Kalaupun kita mendengar sebuah tindakan pemerintah negri Jiran yang membuat hati panas, percayalah InsyaAlloh itu bukan gambaran seluruh masyarakat disini. Masyarakat yang saya, kami kenal disini sangat baik. Ketika beberapa kali isu panas antara Indonesia dan Malaysia menyeruak, tak pernah sedikitpun mereka menyindirnya, membahasnya apalagi men-sweeping kami. Meskipun gaya berbahasa yang berbeda, namun sesungguhnya kebanyakan dari masyarakat sini ramah, senang menyapa dan bersilaturahim. Sama seperti masyarakat kita pada umumnya.

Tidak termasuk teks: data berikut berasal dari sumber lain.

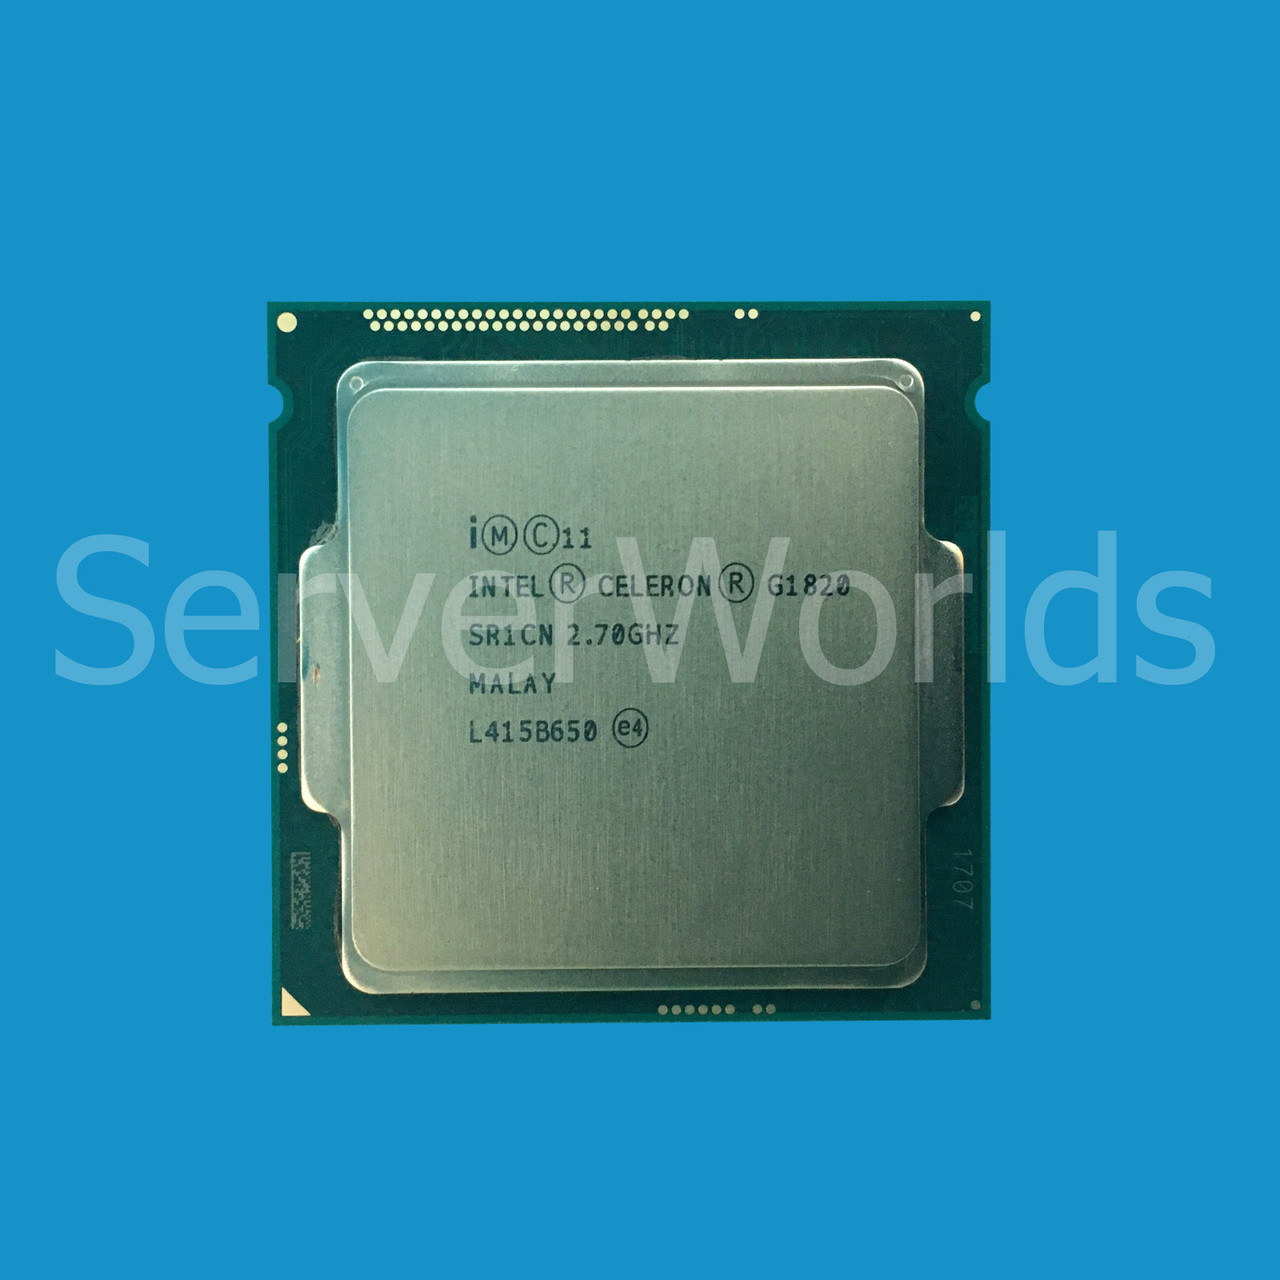 Dell D9Y39 Celeron G1820 DC 2.70Ghz 2MB 5GTs Processor
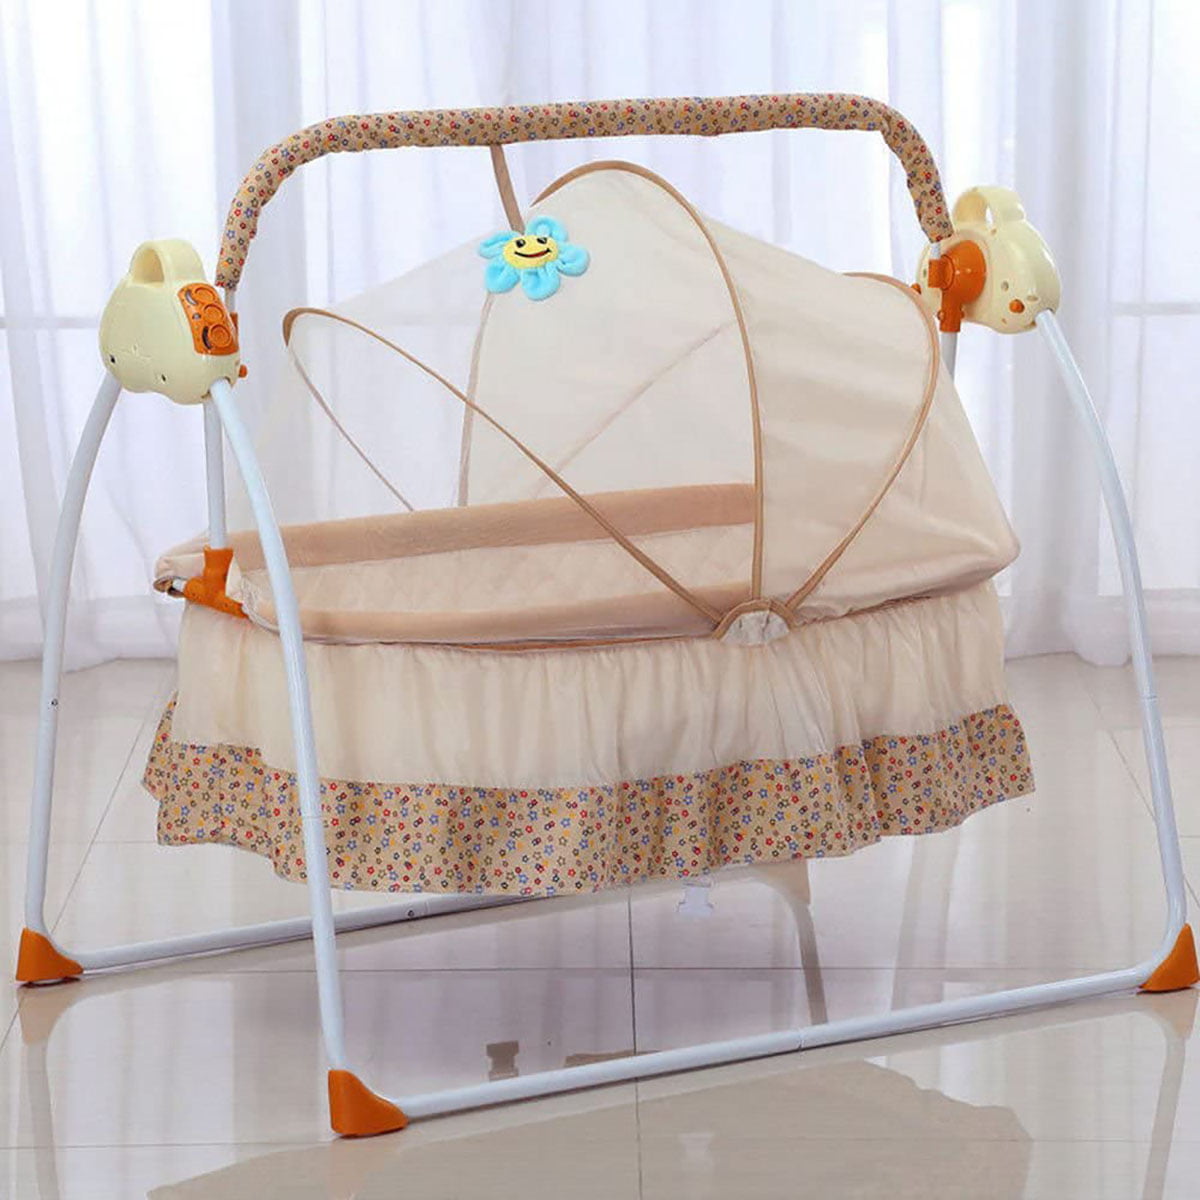 Baby Auto-Swing Bed Bluetooth Electric USB Crib Cradle Infant Rocker Cradle+Mat

Sahabat tahu? Selepas Lebaran ini saja, banyak jemputan* Raya menghampiri kami. Menghibur kami yang tidak bisa mudik ke kampung halaman tahun ini .

Jadi jika sahabat, kawan kawan, saudara dan handai tolan mendengar ada berita miring atau isu panas menyergap dari negri Jiran. Berpikirlah tenang, cari informasi, bukan grasak grusuk ngajakin perang . Biasanya isu itu dilemparkan oleh segelintir orang, yang punya kekuasaan tentunya. Orang-orang yang tidak ingin negeri serumpun ini berseteru.

Kenalilah budayanya, masyarakatnya, maka insyaAlloh banyak kebaikan yang mereka punyai yang bisa kita ambil pelajaran. Begitupun ketika ada kebaikan dari kita, maka kita bagikan. Kita harumkan nama bangsa ini lewat pribadi-pribadi kita..

Dan ketika ada berita tentang kekejaman sebagian masyarakat sini kepada TKI kita, selain merasa sedih dan marah, maka berpikirlah rasional. Bahwa tidak semuanya seperti itu. Memang ada yang bersikap kejam, sama seperti di Indonesia ada orang yang berakhlak tidak baik. Dan yang kita hukum dan benci adalah pelakunya saja, bukan keseluruhan masyarakatnya.

Berfikir arif, tenang, dan bijak. Serta menghormati bangsa sendiri, maka insyaAlloh negara lain akan segan dan menghormati Kedaulatan negri kita. Karena terkadang, kita sendirilah yang menghancurkan Kedaulatan negri sendiri.

Allahu'alam bi showab.
Aku Indonesia

---------------------------------------------------------------------
memberanikan diri ikutan lombanya Mbak Lessy...
http://wayanlessy.multiply.com/journal/item/470/Xenophobia_Lomba_menulis_tentang_Xenophobia?replies_read=36

maaf kalo masih ada salah kata dan ucap, sebentuk cinta untuk negri yang selalu terkenang dan terpatri dalam dada, negri yang membuatku dewasa dengan segala pernak perniknya..
aaah kangeeeeeeeennn...

====
keterangan
jemputan = undangan
toke = majikan
noroweco = ngomong terus

kalo ada yang belum di translate, ngacung yaaaa!